In ''Interviews and Reminiscences,'' Marshall does not make specific recommendations regarding the size and composition of the forces required to satisfy our national strategy, but a summary of his thoughts would provide valuable guidance for today's planners.

* The Army is the critical component for winning wars. Therefore, maintain a ground force capable of immediate response at a size that can be deployed by the air and sea fleets that are also immediately available.

* Maintain a Reserve force of a size and state of readiness that can achieve the objectives of the political commitment in which we are engaged. Thirty-nine days of training per year are insufficient to guarantee that readiness. Therefore, strategic planning must provide for an active force that can sustain operations through the period of training required for Reserve units after mobilization.

* Concentrate peacetime training on the professional qualifications of soldiers and leaders at every level. (Marshall does not refer directly to the Army School System, but he does frequently identify those whom he selected for critical positions as graduates of Fort Leavenworth and the U.S. Army War College.)

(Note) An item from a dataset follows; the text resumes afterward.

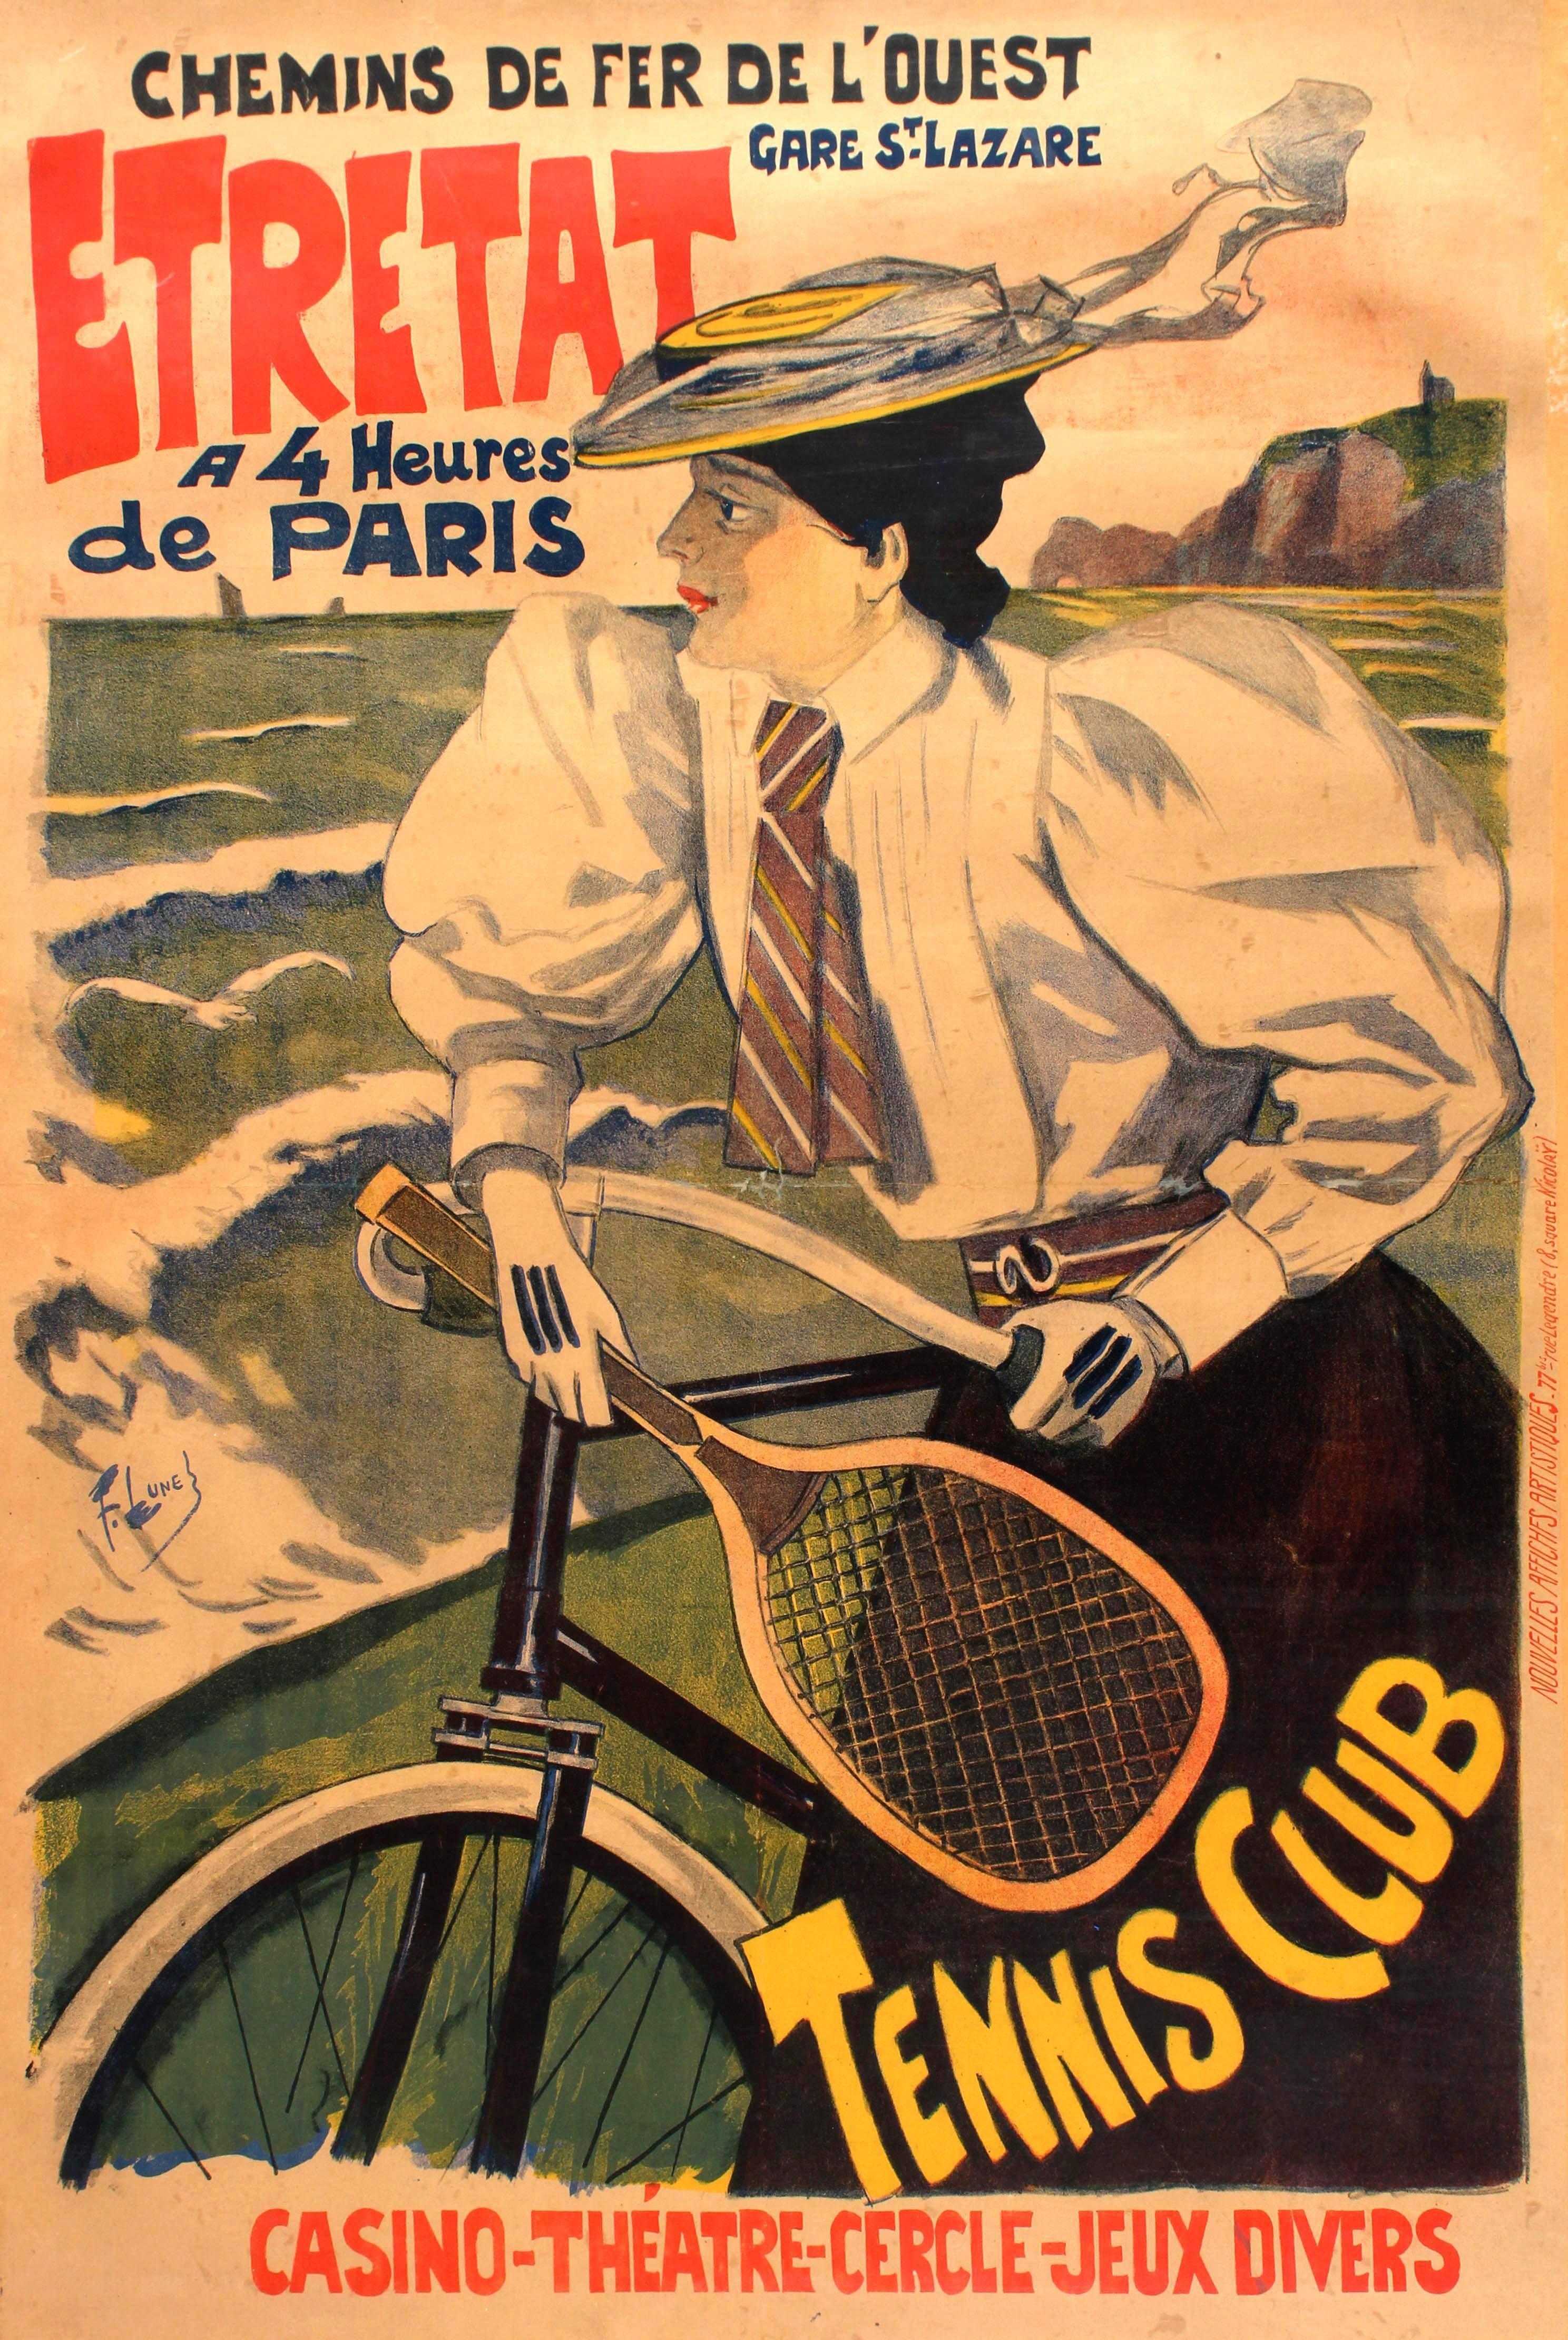 Original Antique Chemins De Fer De L'Ouest Paris Etretat Railway Poster - Tennis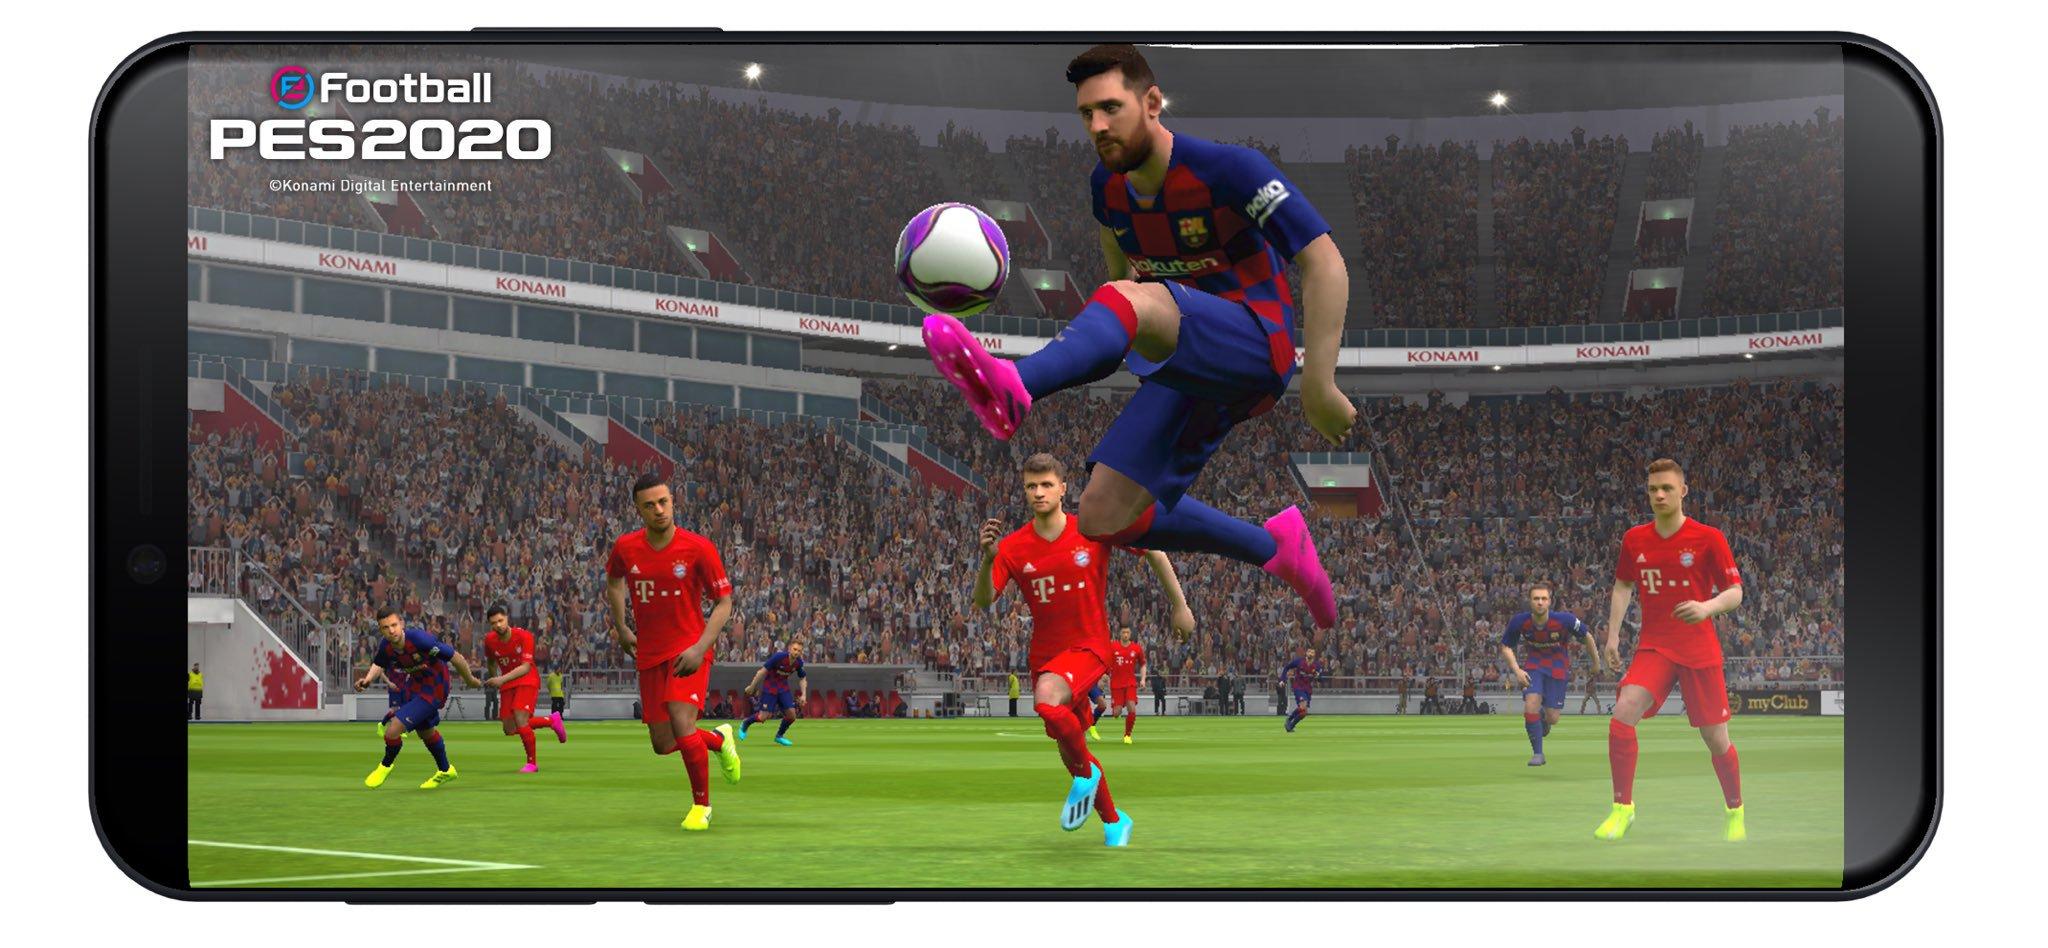 Мобильный гейминг, Симуляторы, Спортивные, Pro Evolution Soccer 2019, Pro Evolution Soccer 2020, PES 2020 Mobile

* International infuence requires a military capacity that is respected as the enforcer of the political aims of our leaders. Diplomacy alone is a hollow promise without it.

Marshall had one more observation that today's strategists should find encouraging: Coping with a carping press, congressional criticism and fault-finders - most of whom have pet theories or silver bullets to peddle - creates ''the general attitude that the War Department is always stupid and everybody else is brilliant. I must say, this used to make me tired.''

Gen. Frederick J. Kroesen, USA Ret., formerly served as Vice Chief of Staff of the U.S. Army and commander in chief of U.S. Army Europe. He is a senior fellow of AUSA's Institute of Land Warfare and 1st Vice President of the American Security Council Foundation.